# where to buy mantis?



## Andy b 1 (May 14, 2007)

where can i buy a few praying mantis? 

looked everywhere and cant find any for sale 

looking to buy a giant asian mantis or a ghost mantis


----------



## Tomcat (Jul 29, 2007)

Ebay have them sometimes.


----------



## Andy b 1 (May 14, 2007)

none on Ebay


----------



## Tomcat (Jul 29, 2007)

Cant help you then mate. Have you tried your local rep shop?


----------



## Andy b 1 (May 14, 2007)

Tomcat said:


> Cant help you then mate. Have you tried your local rep shop?

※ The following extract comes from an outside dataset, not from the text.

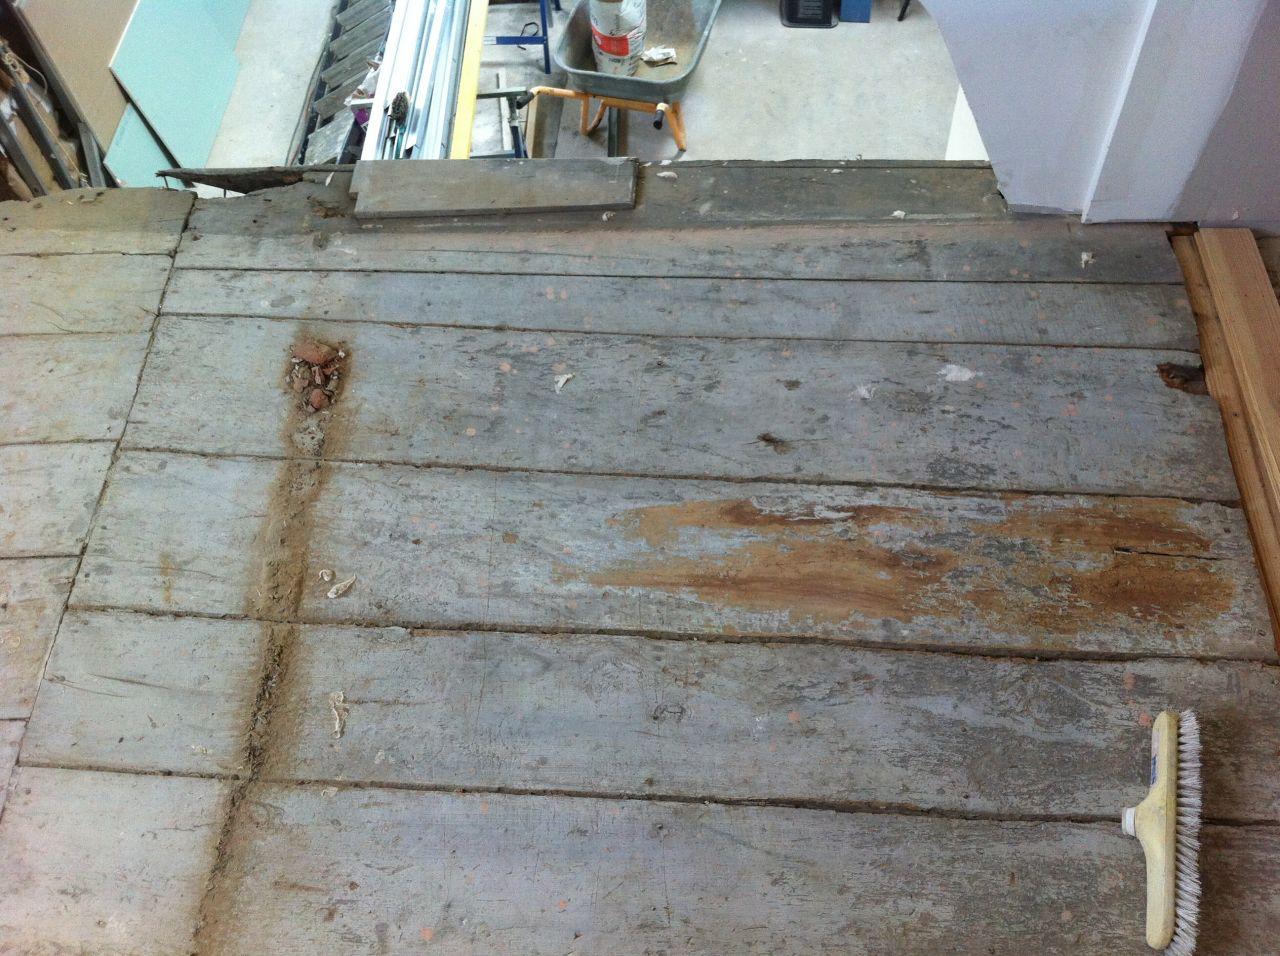 Refaire Joint Parquet Ancien récupérer très vieux parquet [photos] - 13 messages

yep got about 4 local rep shops and nothing


----------



## _simon_ (Nov 27, 2007)

Replied to your pm Andy with a few links. Top one is advertising ooths, whether they are still in stock or not I don't know. Other 2 website links sell mantids and you might also be able to get hold of some via the forum links.


----------



## monitorfan666 (Feb 15, 2007)

BugsDirectUK.com - breeders and suppliers of exotic insects
Cornish Crispa Co.
Exotic Pets - Amphibian, Reptile and Invert UK exotic pet shop
Home page.htm
jurrasicinverts.co.uk - Home
Entrance
Tarantulabarn Home Page
TheSpiderShop:- - Suppliers of Arachnids and other quality Invertebrates
Virginia Cheeseman

hope they help Andy!
:grin1:


----------



## mantidboywonder (Nov 15, 2006)

rob byatt is the man or try graeme from metaphormisis both are highly knowledgable in all aspects of mantids

metamorphisis website in a link above called ENTRANCE


----------



## monitorfan666 (Feb 15, 2007)

mantidboywonder said:


> rob byatt is the man or try graeme from metaphormisis both are highly knowledgable in all aspects of mantids
> 
> metamorphisis website in a link above called ENTRANCE


Yep Agreed!! animals always in great health, good stock
:grin1:


----------



## SNAKEWISPERA (Aug 27, 2007)

Ite mate, surly ur local rep shop could get them in


----------



## monitorfan666 (Feb 15, 2007)

mantidboywonder said:


> rob byatt is the man or try graeme from metaphormisis both are highly knowledgable in all aspects of mantids
> 
> metamorphisis website in a link above called ENTRANCE


Yep Agreed!! animals always in great health, good stock
:grin1:


----------



## Mark75 (Jan 21, 2007)

I'm surprised by how much people are willing to pay for mantids on this forums invert classifieds when if you use the links provided on this post you will pay a fraction of what is asked.


----------



## deandonna33 (Dec 29, 2007)

Andy b 1 said:


> where can i buy a few praying mantis?
> 
> looked everywhere and cant find any for sale
> 
> looking to buy a giant asian mantis or a ghost mantis


 
ukmantid.co.uk try this site thay have some at 5 pounds each


----------